Our BTC daily analysis for late December 2025 looks at a potential reversal setup after a strong vertical selloff into the 80,600 USDT daily low. Price has since been consolidating in a tight range just above the neckline area, hinting at a possible shift from aggressive selling to accumulation.
BTC daily analysis zoom on consolidation above 86K neckline with 0.618 Fibonacci at ~87K and upside arrow toward 89K–91K resistance.


Technical Analysis Key Points
- Strong vertical selloff into the 80,600 USDT daily low followed by sideways consolidation
- Clear inverse head and shoulders structure with neckline around 86,300 USDT
- Current price trades near 87,300 USDT between neckline support and the 0% Fibonacci area around 89,400 USDT
- Major resistance cluster at 90,900–91,300 USDT “shoulder” zone, with a higher daily high at 93,836 USDT
Market Structure Analysis
From a technical analysis perspective, BTC has transitioned from a steep downtrend into a range bounded by roughly 80,600 and 93,800 USDT. The inverse head and shoulders pattern suggests selling pressure is fading, provided the neckline around 86,300 USDT continues to hold as support.
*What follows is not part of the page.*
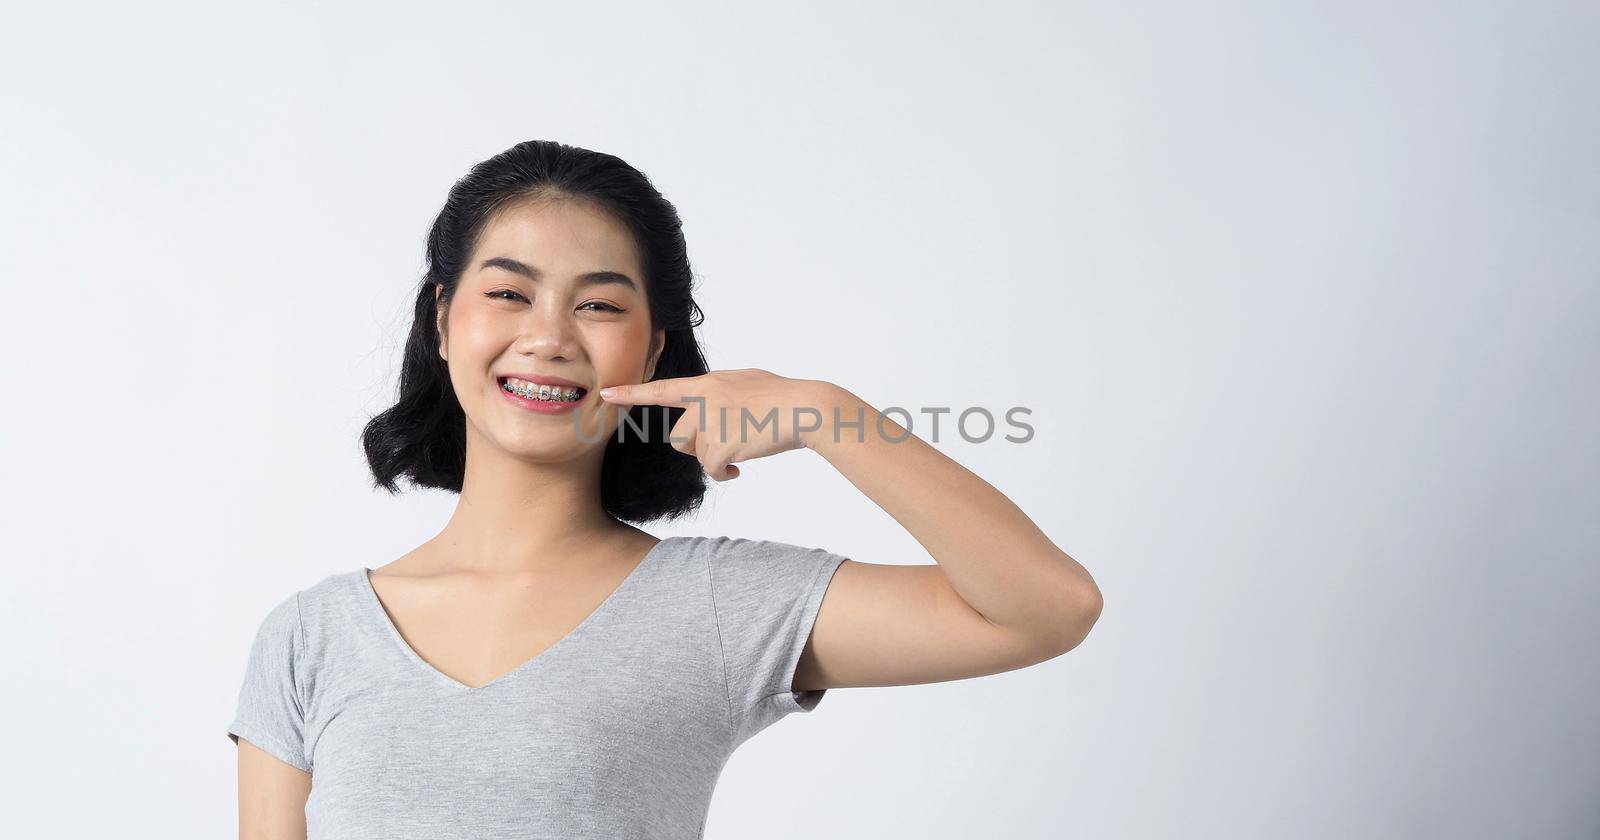 Dental braces of teen asian woman wearing braces teeth and contact lenses, she very confident and proudly present herself and smile on white background studio shot, Happiness teenager smiling facial expression.

Below price, we see layered demand from the 1.0 Fibonacci extension near 85,500 down to 84,700 and finally the 80,600 daily low. Above, the first meaningful support resistance flip is the 89,200–89,400 USDT band (0 Fibonacci), then the shoulder zone at 90,900–91,300 USDT, and finally the 93,836 USDT daily high.
Key Levels and Scenarios
Bullish scenario:
If BTC keeps closing above the neckline (≈86,300 USDT) and reclaims the 0.618 Fibonacci (~87,000 USDT) with conviction, our BTC daily analysis favors continuation toward 89,200–89,400 USDT, then the 90,900–91,300 USDT shoulder zone. A breakout there would open a path toward retesting the 93,836 USDT daily high.
Levels to watch
80,600 USDT – Major daily low and full invalidation of the reversal idea
84,700–85,500 USDT – Deeper demand zone and last defense before lows
86,300 USDT – Neckline support; key pivot for the inverse H&S
89,200–89,400 USDT – Mid-range resistance and 0 Fibonacci reference
90,900–91,300 USDT – Shoulder resistance; breakout trigger toward 93,836 USDT
Trading Implications
As long as BTC holds above the 86,300 USDT neckline, dips into 86K–87K can be viewed as potential long opportunities with targets at 89K–91K, while invalidation sits below 85.5K or, more conservatively, below 80.6K, making careful position sizing and tight risk management essential.
This is not financial advice; always do your own research and manage your risk appropriately.